Operations Research | 2009

A Column Generation Algorithm for Choice-Based Network Revenue Management

Juan José Miranda Bront; Isabel Méndez-Díaz; Gustavo J. Vulcano

During the past few years, there has been a trend to enrich traditional revenue management models built upon the independent demand paradigm by accounting for customer choice behavior. This extension involves both modeling and computational challenges. One way to describe choice behavior is to assume that each customer belongs to a segment, which is characterized by a consideration set, i.e., a subset of the products provided by the firm that a customer views as options. Customers choose a particular product according to a multinomial-logit criterion, a model widely used in the marketing literature. In this paper, we consider the choice-based, deterministic, linear programming model (CDLP) of Gallego et al. (2004) [Gallego, G., G. Iyengar, R. Phillips, A. Dubey. 2004. Managing flexible products on a network. Technical Report CORC TR-2004-01, Department of Industrial Engineering and Operations Research, Columbia University, New York], and the follow-up dynamic programming decomposition heuristic of van Ryzin and Liu (2008) [van Ryzin, G. J., Q. Liu. 2008. On the choice-based linear programming model for network revenue management. Manufacturing Service Oper. Management10(2) 288--310]. We focus on the more general version of these models, where customers belong to overlapping segments. To solve the CDLP for real-size networks, we need to develop a column generation algorithm. We prove that the associated column generation subproblem is indeed NP-hard and propose a simple, greedy heuristic to overcome the complexity of an exact algorithm. Our computational results show that the heuristic is quite effective and that the overall approach leads to high-quality, practical solutions.

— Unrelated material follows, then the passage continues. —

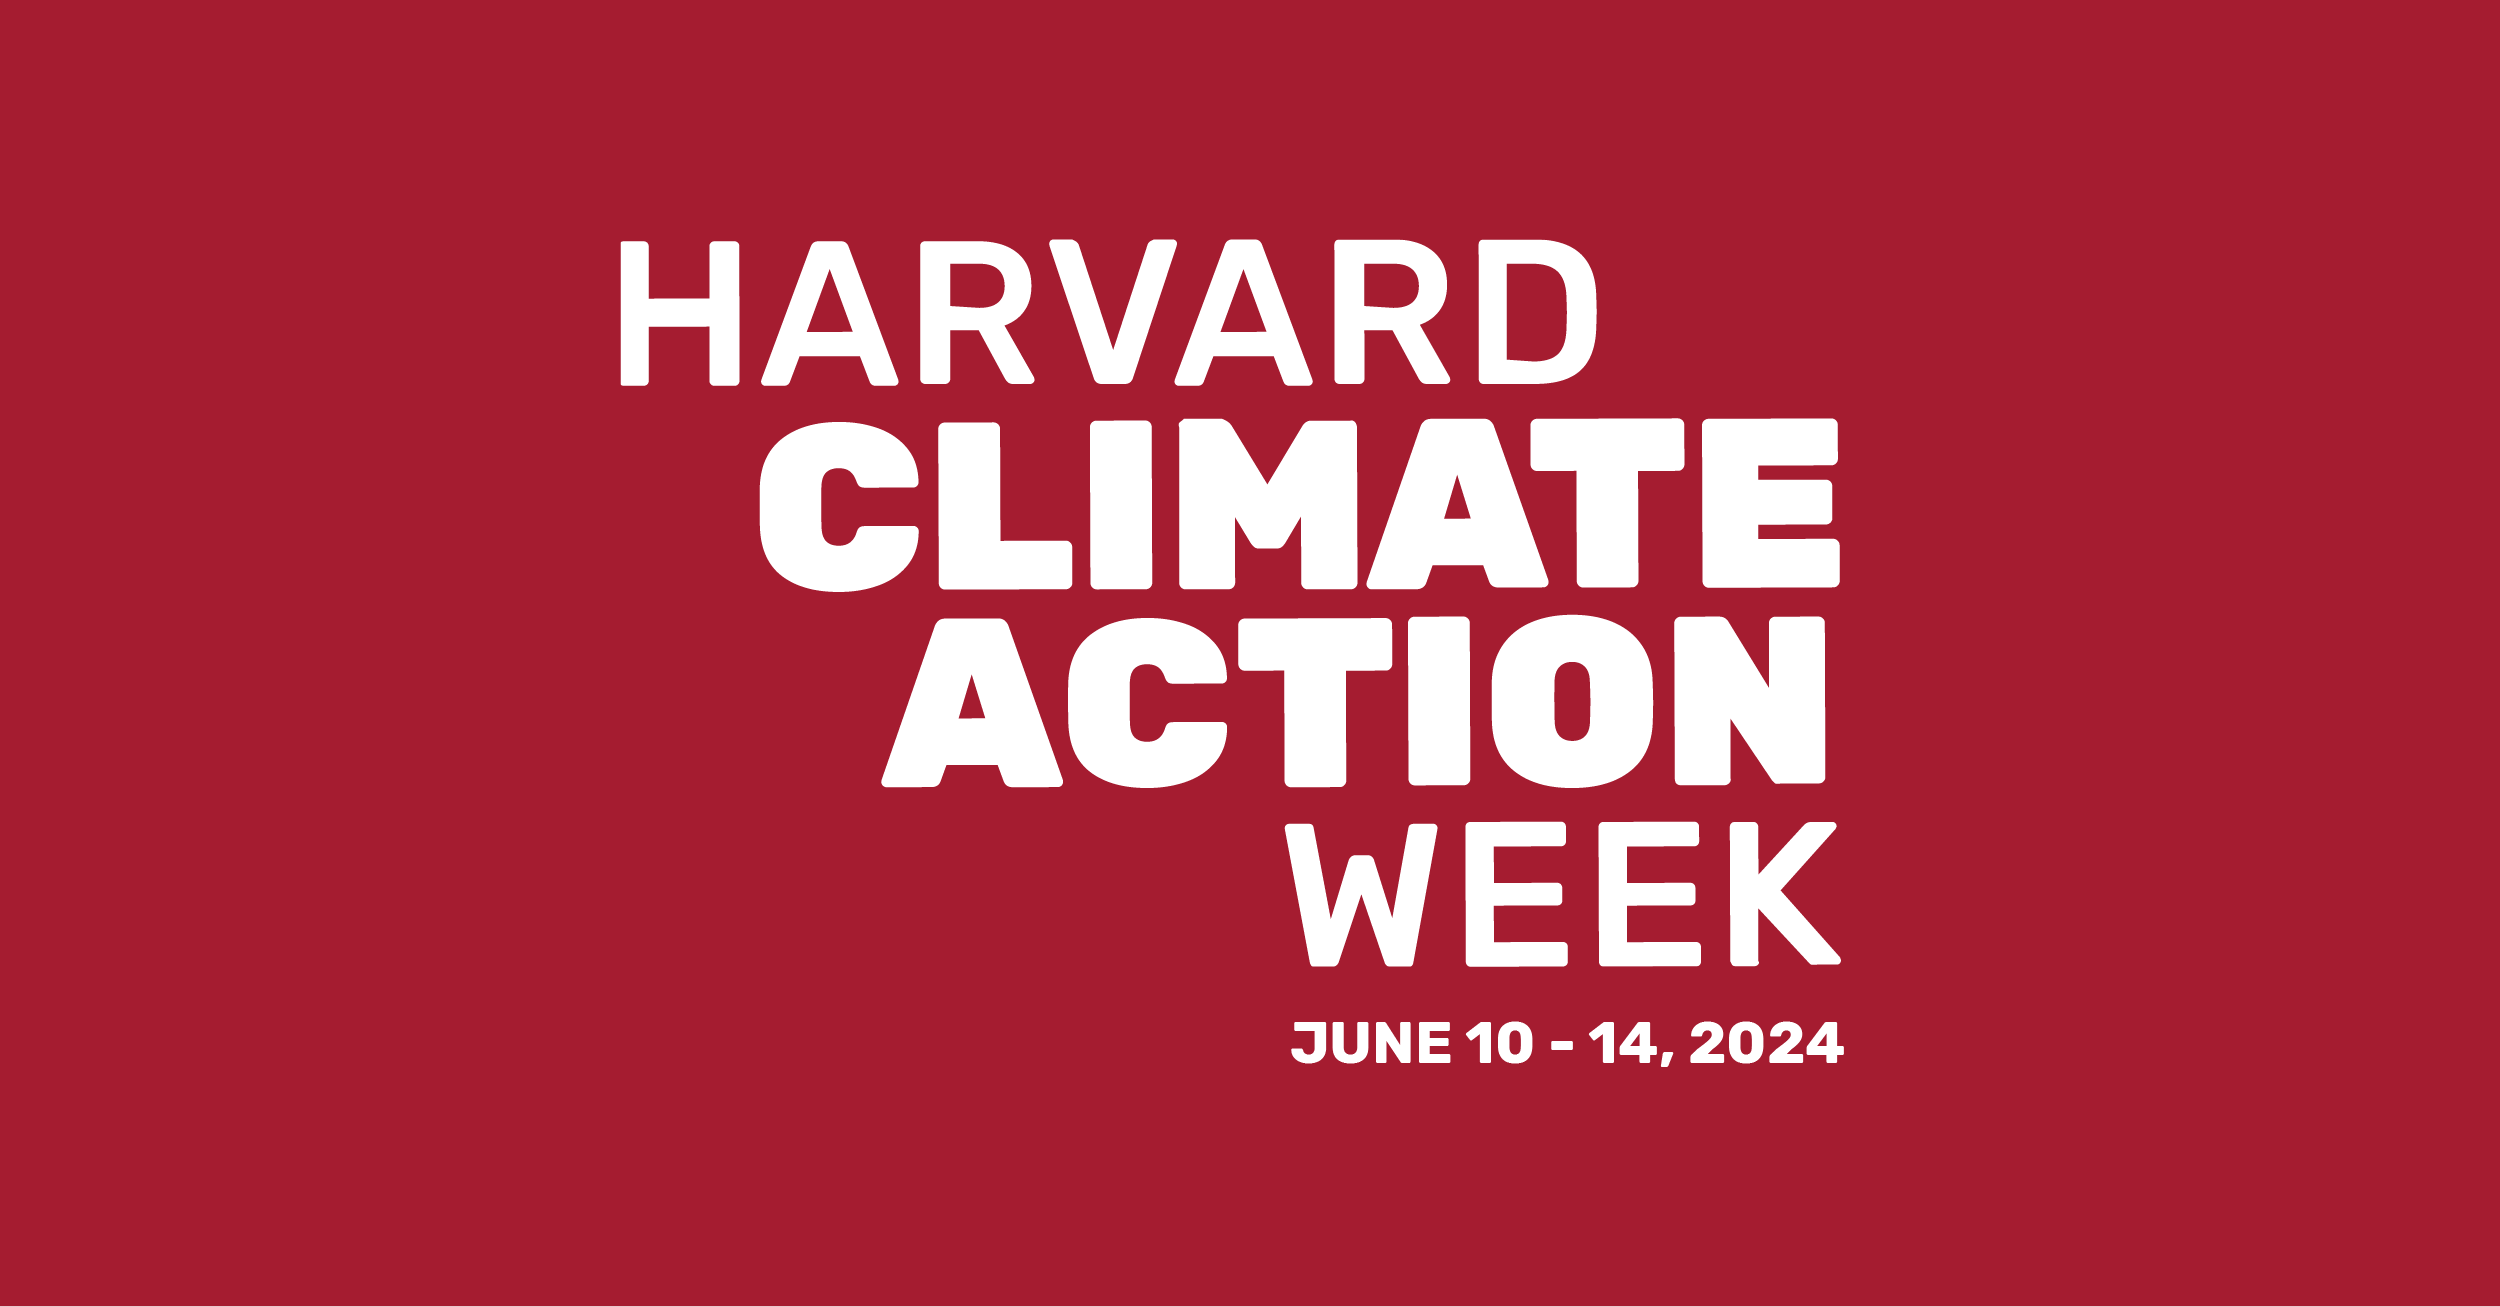 Crimson graphic with white text: "Harvard Climate Action Week. June 10-14, 2024"

Operations Research | 2012

Estimating Primary Demand for Substitutable Products from Sales Transaction Data

Gustavo J. Vulcano; Garrett J. van Ryzin; Richard Ratliff

We propose a method for estimating substitute and lost demand when only sales and product availability data are observable, not all products are displayed in all periods (e.g., due to stockouts or availability controls), and the seller knows its aggregate market share. The model combines a multinomial logit (MNL) choice model with a nonhomogeneous Poisson model of arrivals over multiple periods. Our key idea is to view the problem in terms of primary (or first-choice) demand; that is, the demand that would have been observed if all products had been available in all periods. We then apply the expectation-maximization (EM) method to this model, and we treat the observed demand as an incomplete observation of primary demand. This leads to an efficient, iterative procedure for estimating the parameters of the model. All limit points of the procedure are provably stationary points of the incomplete data log-likelihood function. Every iteration of the algorithm consists of simple, closed-form calculations. We illustrate the effectiveness of the procedure on simulated data and two industry data sets.

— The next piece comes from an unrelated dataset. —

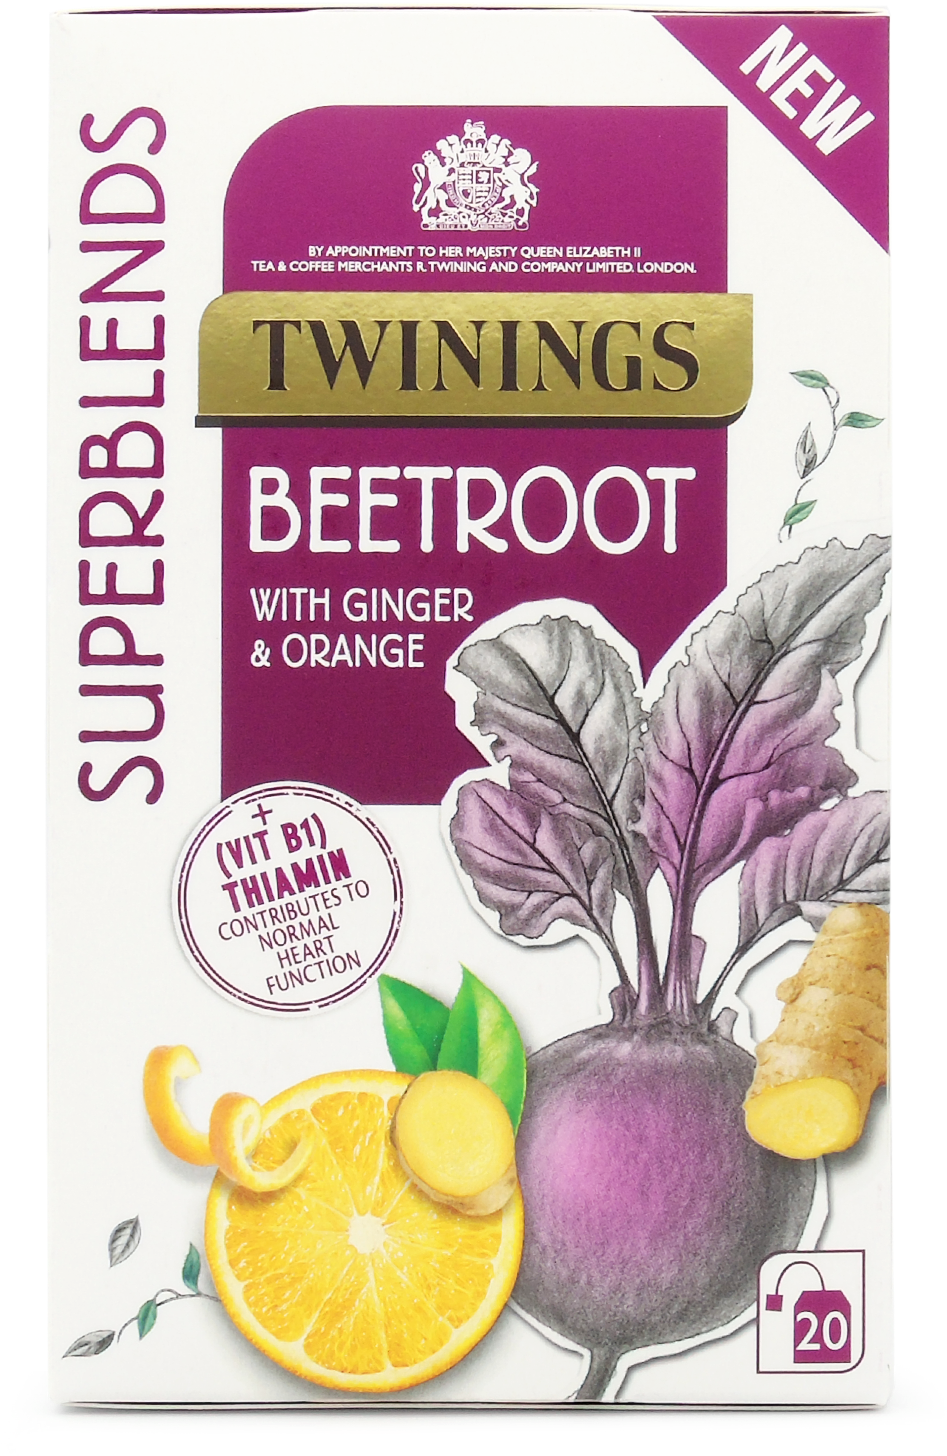 A Package Of Tea With A Picture Of A Beetroot And Lemon

Manufacturing & Service Operations Management | 2010

OM Practice---Choice-Based Revenue Management: An Empirical Study of Estimation and Optimization

Gustavo J. Vulcano; Garrett J. van Ryzin; Wassim Chaar

Discrete choice models are appealing for airline revenue management (RM) because they offer a means to profitably exploit preferences for attributes such as time of day, routing, brand, and price. They are also good at modeling demand for unrestricted fare class structures, which are widespread throughout the industry. However, there is little empirical research on the practicality and effectiveness of choice-based RM models. Toward this end, we report the results of a study of choice-based RM conducted with a major U.S. airline. Our study had two main objectives: (1) to assess the extent to which choice models can be estimated well using readily available airline data, and (2) to gauge the potential impact that choice-based RM could have on a sample of test markets. We developed a maximum likelihood estimation algorithm that uses a variation of the expectation-maximization method to account for unobservable data. The procedure was applied to data for a test market from New York City to a destination in Florida. The outputs are promising in terms of the quality of the computed estimates, although a large number of departure instances may be necessary to achieve highly accurate results. These choice model estimates were then used in a simulation study to assess the revenue performance of the EMSR-b (expected marginal seat revenue, version b) capacity control policies and the current controls used by the airline relative to controls optimized to account for choice behavior. Our simulation results show 1%--5% average revenue improvements using choice-based RM. Although such simulated results must be taken with caution, overall our study suggests that choice-based revenue management is both feasible to execute and economically significant in real-world airline environments.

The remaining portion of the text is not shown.